Value of the required probability is 0

Explanation of Solution

Formula used:

For a binomial random variable $X$, the probability of obtaining no successes in $n$ independent trials is given by,

$P\left(X=0\right)=C{}_0\cdot p^0{\left(1-p\right)}^{\left(n-0\right)}$

$n$, is the number of trials, and

$p$, is the probability of getting a success on any trial

The formula to calculate $C{}_r$ is,

$C{}_r=\frac{n!}{r!\left(n-r\right)!}$

Calculation:

Consider the event “surviving of plant” as a success.

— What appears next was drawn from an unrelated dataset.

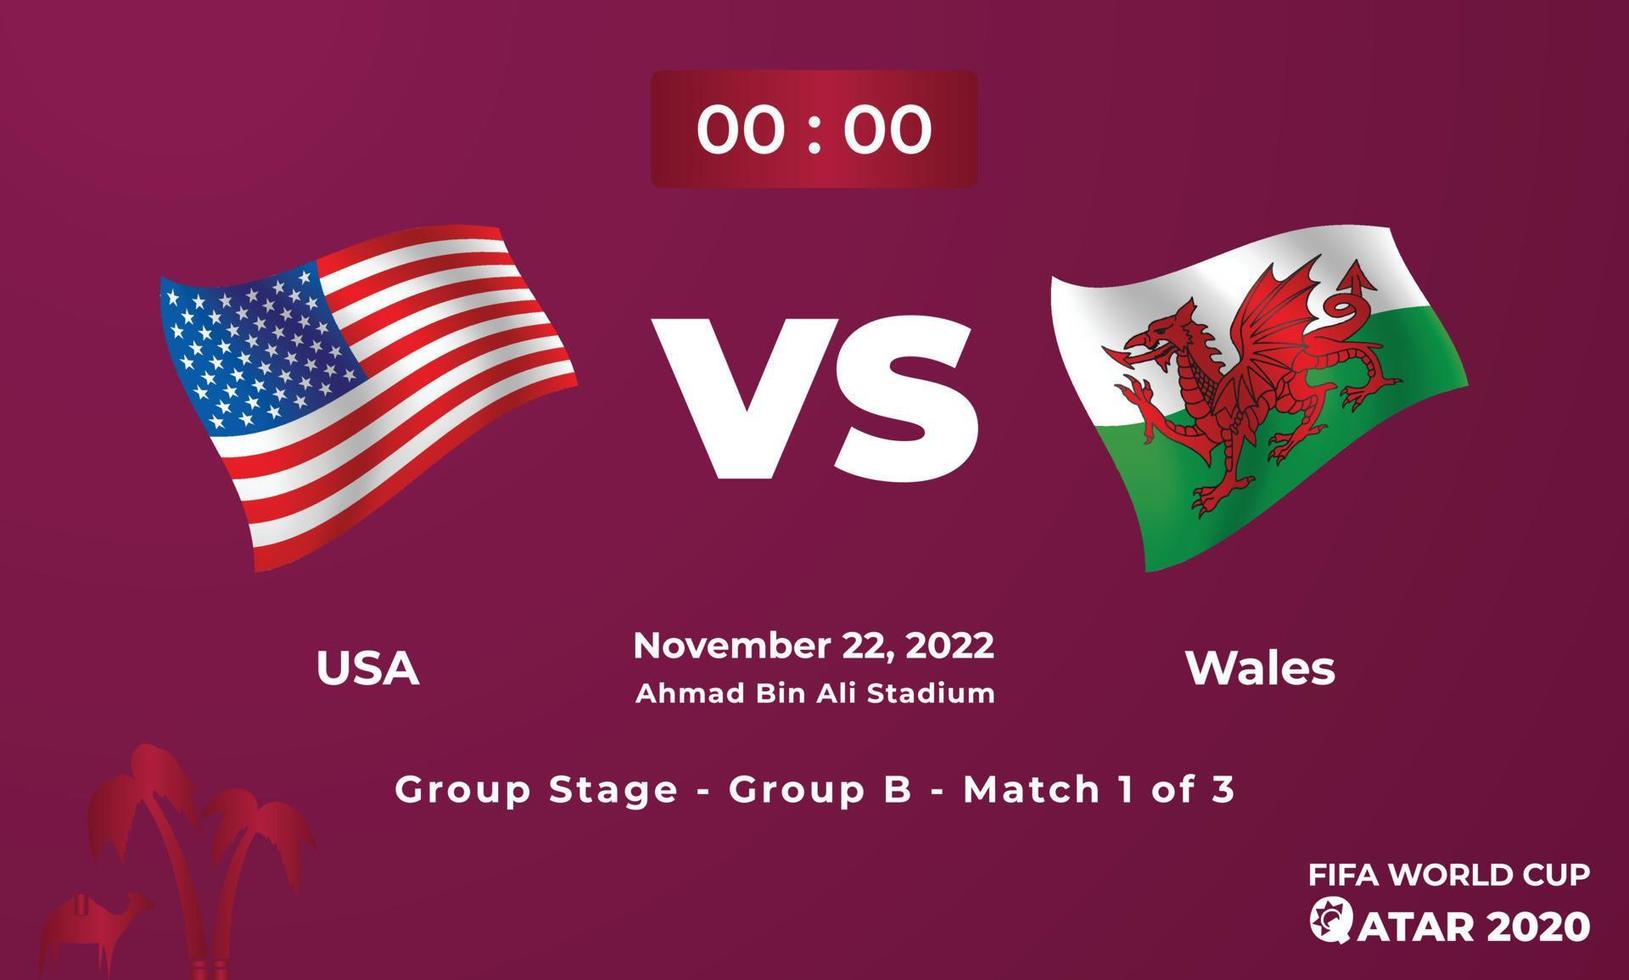 plantilla de partido de fútbol de estados unidos vs gales, copa mundial de la fifa en qatar 2022 vector

The probability of any plant surviving in Kerry’s garden is 0.8.

Probability of success is $0.8$.

$p=0.8$

Number of trial is 19.

$n=19$.

Compute the probability for no successes.

Substitute 19 for $n$, 0 for $r$, and 0.8 for $p$ in the formula of $P\left(X=0\right)$

$\begin{array}{rll}P\left(X=0\right)& =& \frac{19!}{0!19!}\times {\left(0.8\right)}^0\times {\left(1-0.8\right)}^{19}\\ & =& 1\times 1\times {\left(0.2\right)}^{19}\\ & \approx & 0\end{array}$

Conclusion:

Thus, the probability that no plant survive is 0.